One adventure in particular sparked her “passion for the road”: Her father insisted on seeing the Alhambra, in Spain, even though in the 1860s the trip was a dangerous proposition, over rough roads and through wild terrain. All her life Wharton would make ambitious motor trips in the spirit of that early jaunt. She also would remember pacing about her father’s library, clutching his copy of Washington Irving’s Alhambra, when she couldn’t even read yet but was already obsessed with the idea of telling stories. Travel and writing were twin passions for her, and they were often intertwined.

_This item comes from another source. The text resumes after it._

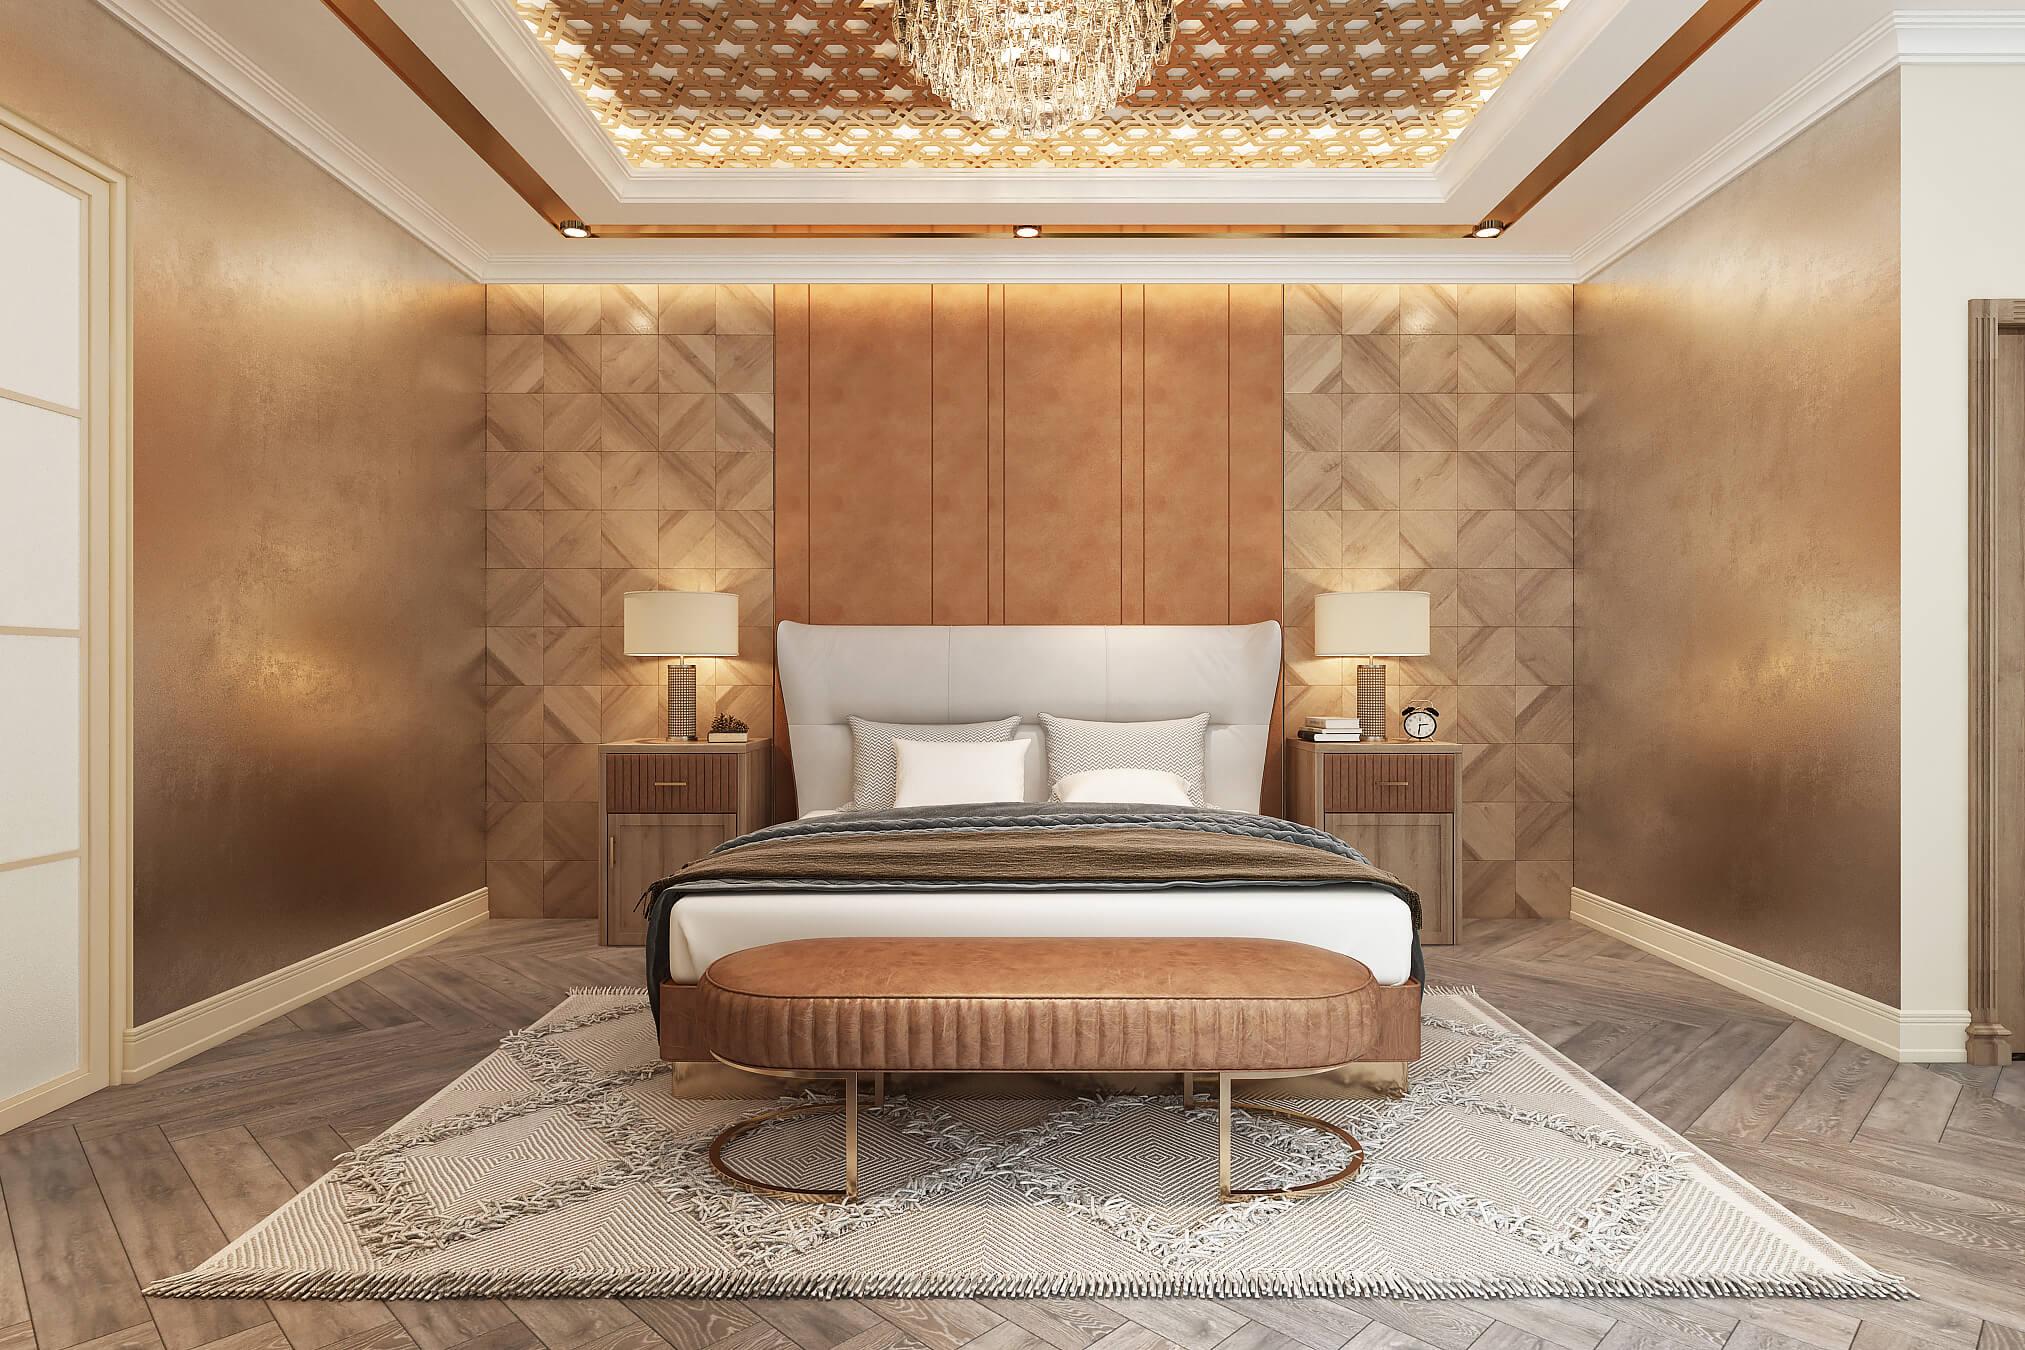 thiết kế nội thất mỹ thái 2

She didn’t enjoy returning to America, in 1872, but the family spent another year abroad when she was 19, and her father died while they were in Cannes. Wharton spent her adult life distancing herself from the constrained world of “old New York” and devoted much of her career to satirizing it. But she also enjoyed the privileges afforded by her social connections there, which opened doors for her all her life, leading her to people like Theodore Roosevelt and Henry James.
Lee spins this kind of fundamental contradiction into great biography. Wharton was wealthy by the standards of her time, but she also needed her writing income and was a savvy businesswoman. She was dignified and cerebral on the surface, but roiling underneath was a sensual, passionate woman who longed for physical and emotional abandon. Her one shot at a love affair (with Morton Fullerton, another American living in Paris) happened when she was 46 years old and still in her crumbling marriage (she divorced Teddy Wharton several years later). The affair rocked the foundation of her neatly organized being. “I have drunk the wine of life at last,” she wrote.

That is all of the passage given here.